Should you be screened for lung cancer? Maybe not, and here's why

If you are a lifelong heavy smoker age 55 years or older, the U.S. Preventive Services Task Force believes that screening for lung cancer with CT scans may save your life. Today the Task Force released provisional recommendations that assigned a "B" letter grade to this preventive service, which, if eventually finalized, would place CT scans alongside established cancer screening tests such as mammograms and Pap smears and mandate that health insurers cover these scans without cost sharing for eligible patients.

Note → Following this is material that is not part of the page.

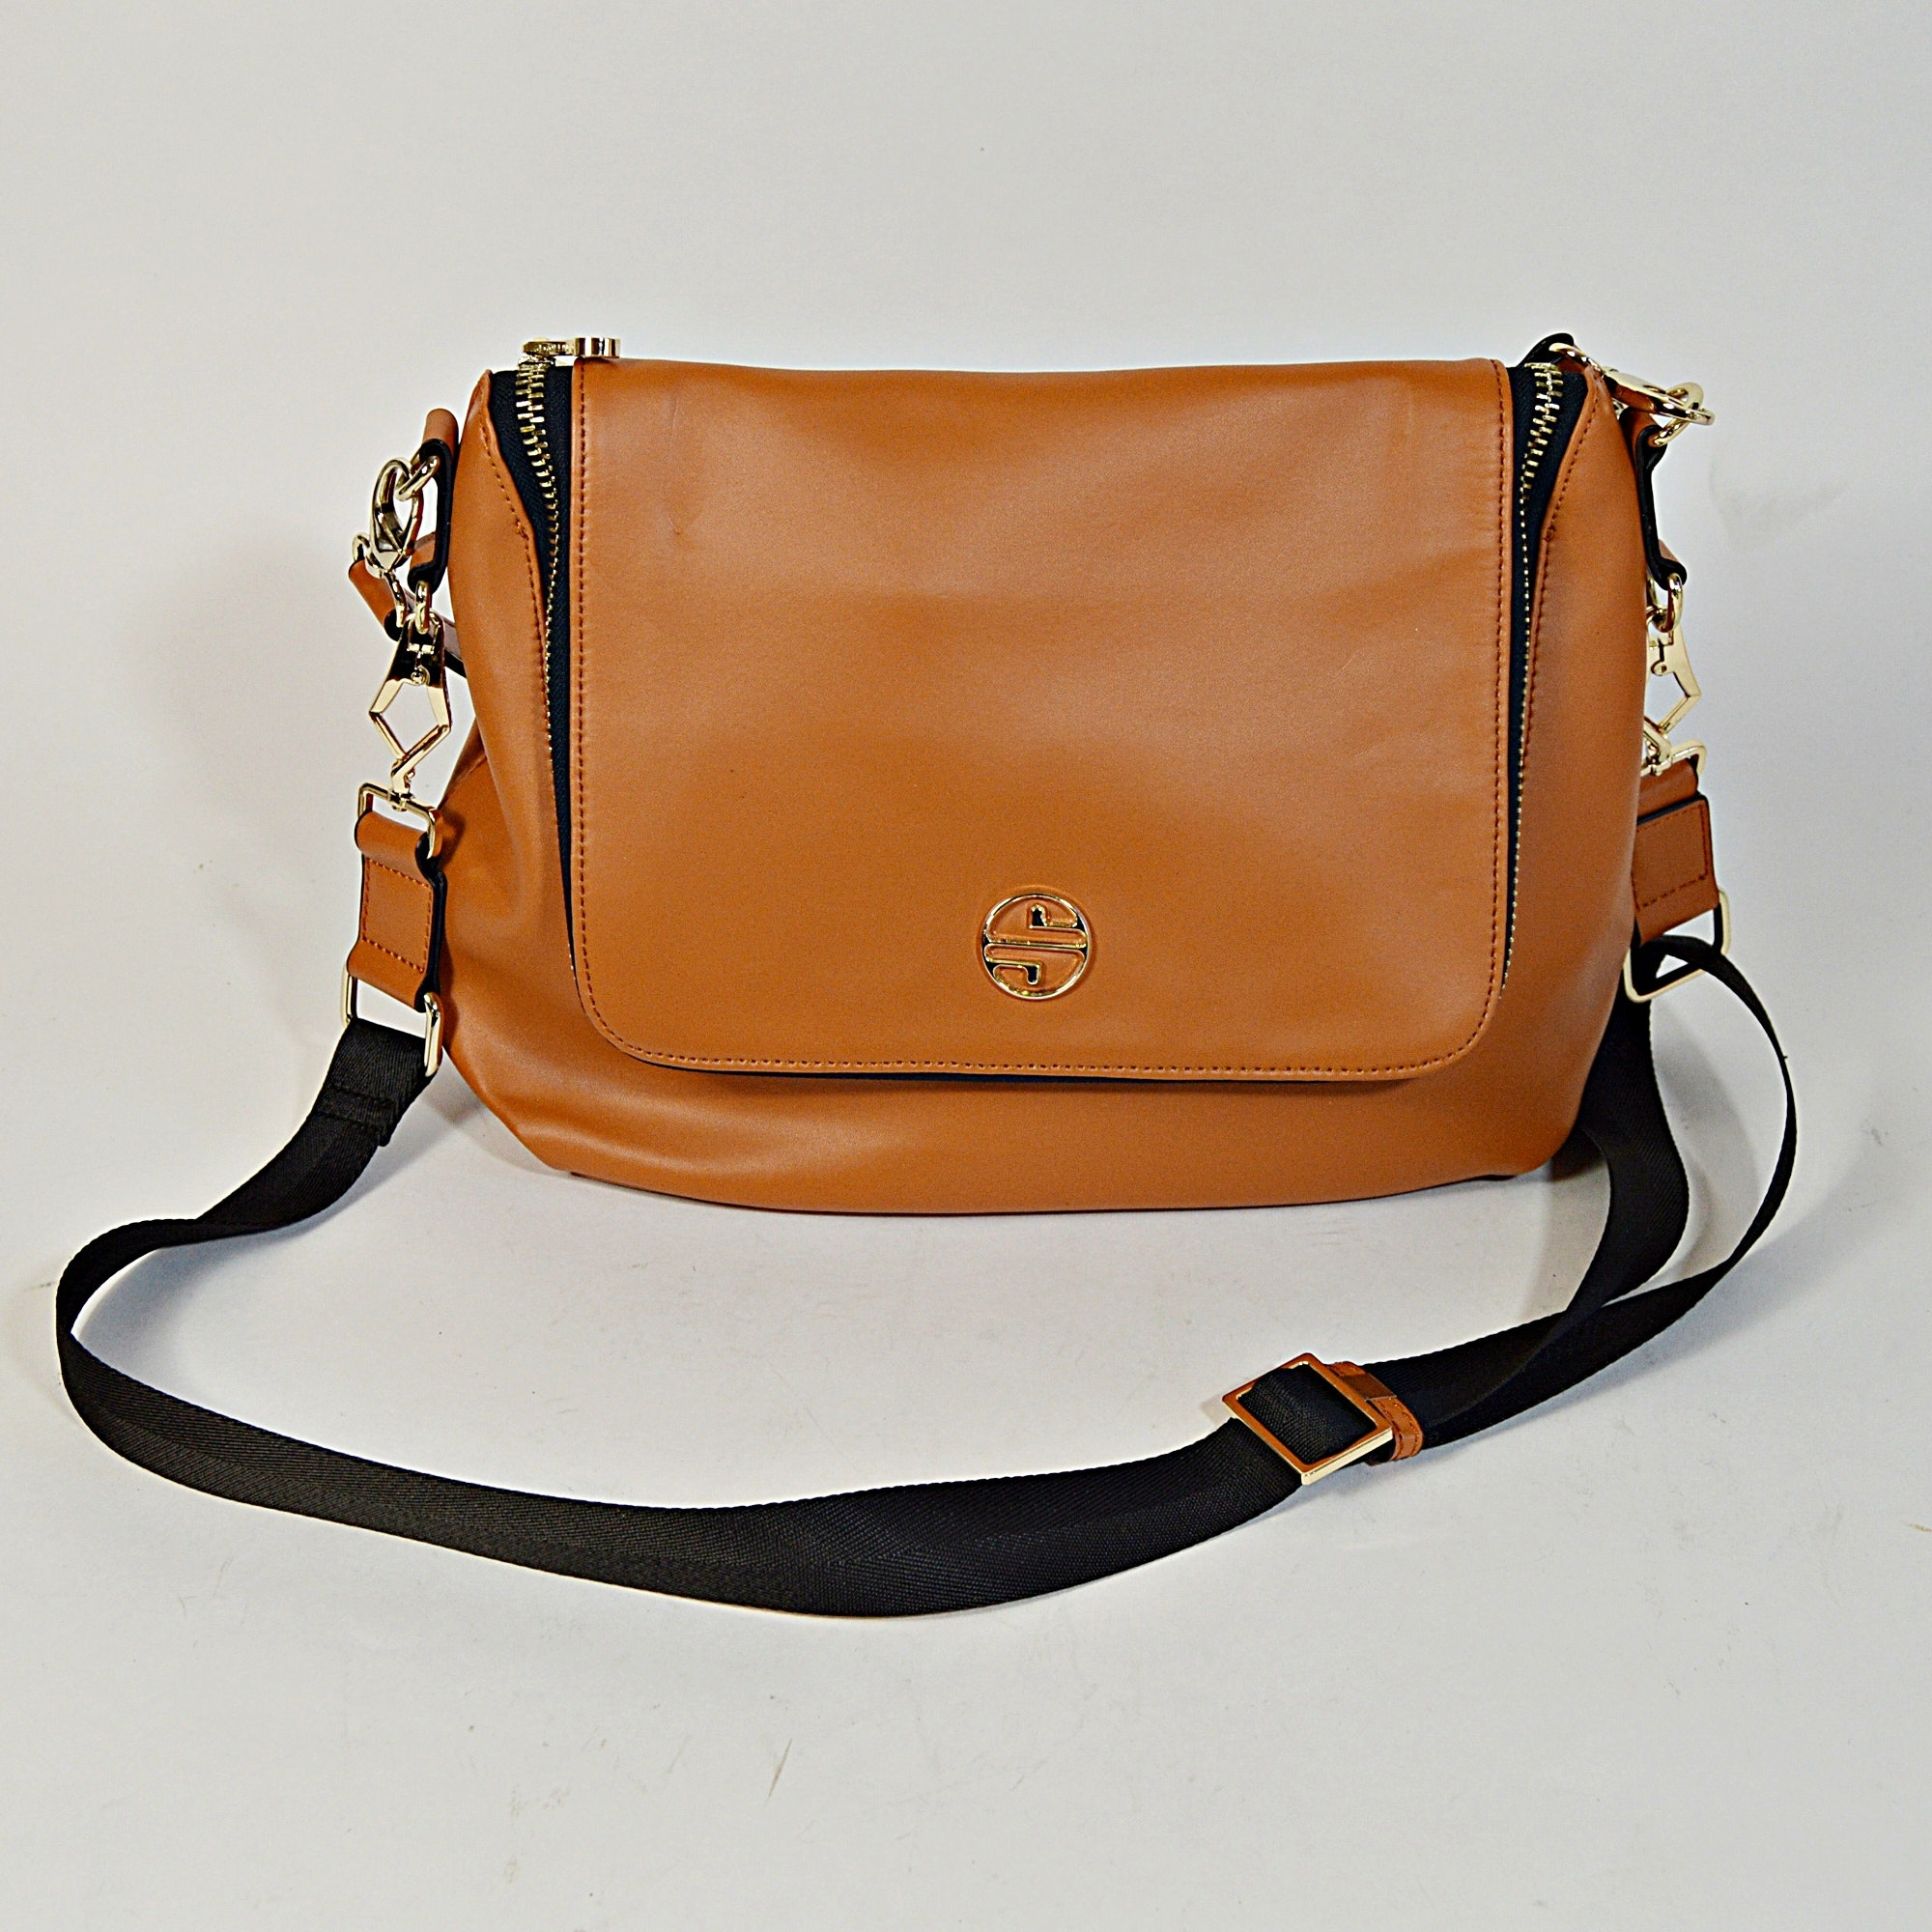 Segolene en Cuir Leather Handbag, New-with-Tags

The scientific basis of the USPSTF's new recommendations is a large U.S. study sponsored by the National Cancer Institute that concluded in 2011 that heavy smokers randomly assigned to screening with CT scans had a 20 percent lower relative risk of death than heavy smokers randomly assigned to screening with chest x-rays. However, a more recent analysis by the same researchers found that the absolute benefit of CT screening in this study varied greatly according to a patient's baseline risk of lung cancer death. For the highest-risk patients, the chance of CT scans preventing death from lung cancer is about 1 in 100 (a 5% risk of lung cancer death over 6 years without screening minus a 4% risk with screening); for lower-risk patients, that chance is about 1 in 5000 (a 0.1% risk of lung cancer death without screening minus a 0.08% risk of death with screening).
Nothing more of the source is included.